TypeError: zeros() received an invalid combination of arguments - got (tuple, dtype=type), but expected one of:
- (tuple of ints size, *, tuple of names names, torch.dtype dtype, torch.layout layout, torch.device device, bool pin_memory, bool requires_grad)
- (tuple of ints size, *, Tensor out, torch.dtype dtype, torch.layout layout, torch.device device, bool pin_memory, bool requires_grad)
This is arising from line 60-61 of opacus/data_loader.py which checks if len(batch) > 0 and tries to collate. Where am I going wrong or what can be the workaround to it?
Please help!
P.S. The configrations I use are number of epochs = 5, training set = 1000, batch size 8, and I am using BatchManager with max_physical_batch_size as 8.
Are you using Poisson subsampling ? Also, can you use the bug report Colab so that we look at your code and reproduce the issue?
@SoumiDas Looks like a problem with batch size although it looks very strange. I was facing the exact same issue with batch size 8. Later, I changed the batch size to 12 and the problem was resolved.
@kanchanchy, thanks for sharing this! I tried to reproduce the issue with the setting mentioned in the post: number of epochs = 5, training set = 1000, batch size = max_physical_batch_size = 8, with BatchMemoryManager (with noise_multiplier = 0.1 and max_grad_norm =1.0), on a toy dataset and model, but I wasn't able to.
Its possible that I am missing something so it would be great if one of you (@kanchanchy or @SoumiDas) could reproduce this in the bug report Colab, thanks!
Close the issue due to no response.

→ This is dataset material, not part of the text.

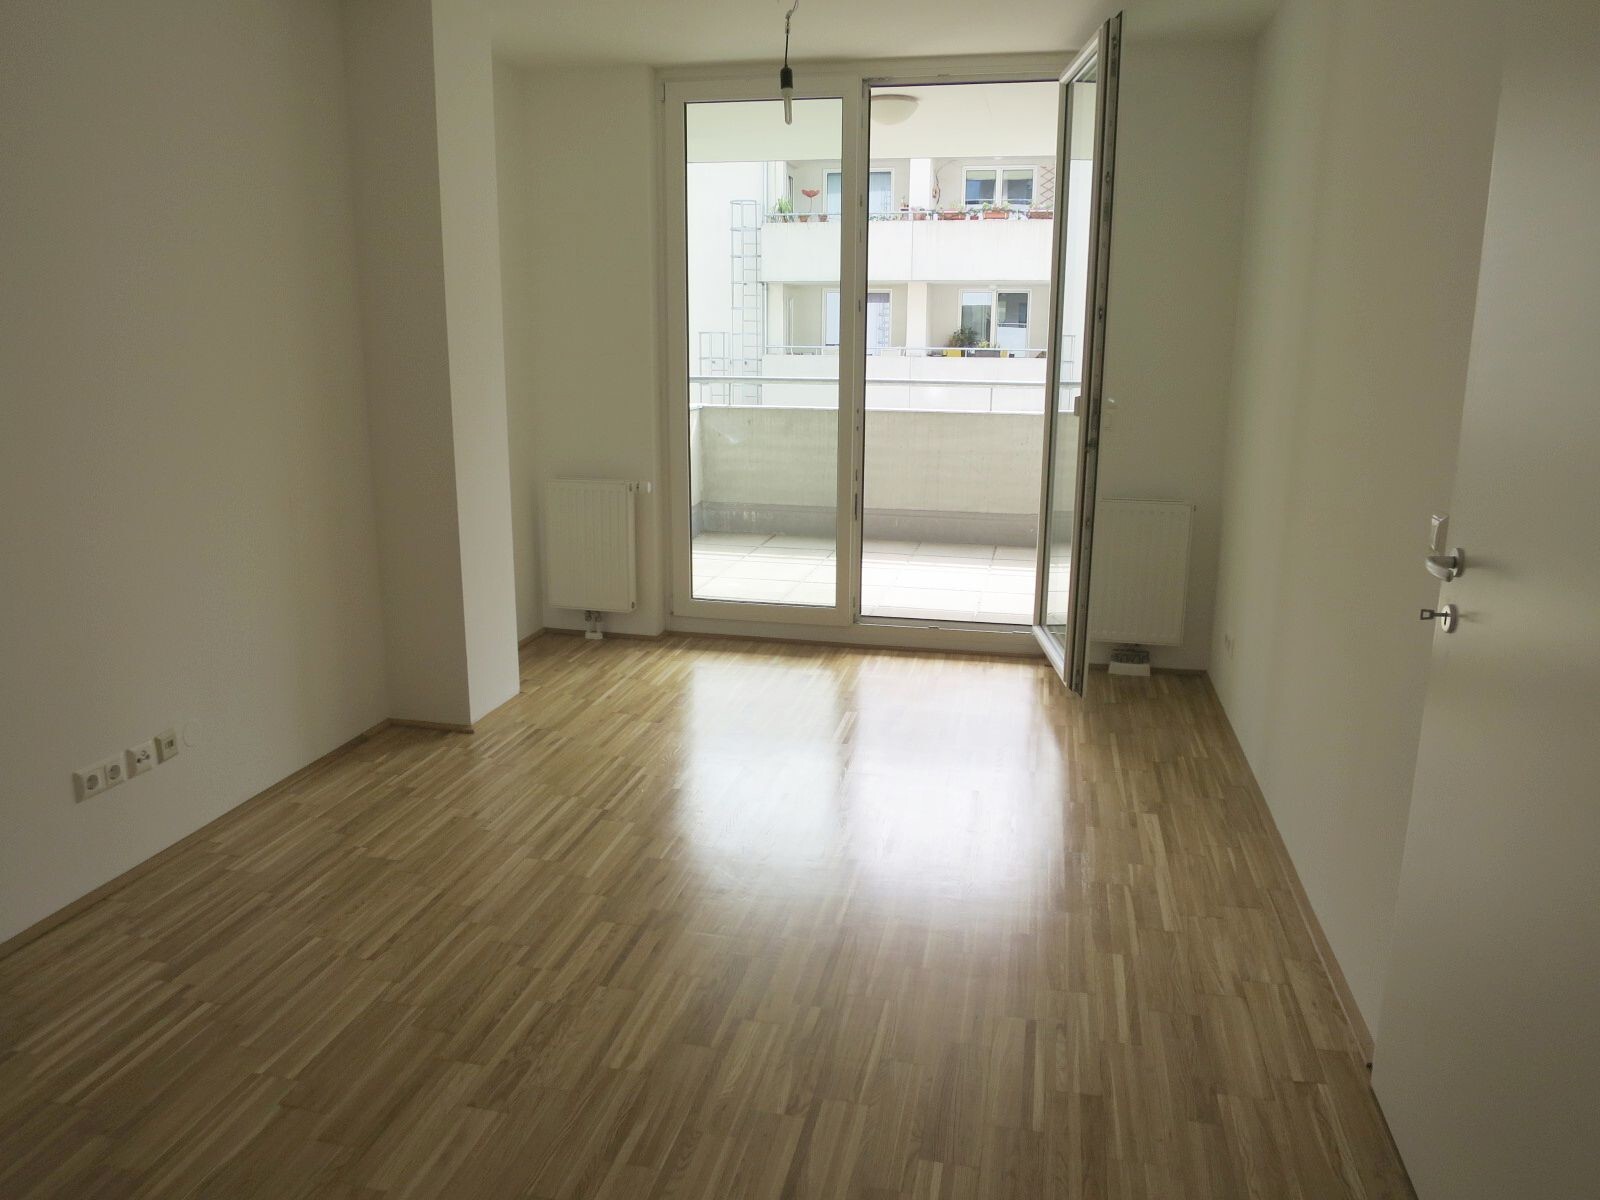 Attraktive 2-Zimmer-Wohnung mit Loggia nahe Columbus Center in 1100 Wien zu mieten

Feel free to re-open it.
It seems that the DPDataLoader might not construct the correct sample_empty_shapes and dtypes for empty batches when training models over HF datasets in a {'input_ids': [], 'attention_mask':[], 'labels':[]} format.
The error seems to arise from lines 60-63 in https://github.com/pytorch/opacus/blob/main/opacus/data_loader.py.
if len(batch) > 0:
return collate_fn(batch)
else:
return [
torch.zeros(shape, dtype=dtype)
for shape, dtype in zip(sample_empty_shapes, dtypes)
]
This is likely because of lines 190-191
sample_empty_shapes = [(0, *shape_safe(x)) for x in dataset[0]]
dtypes = [dtype_safe(x) for x in dataset[0]]
I could create a notebook to reproduce this in a few days if that might help.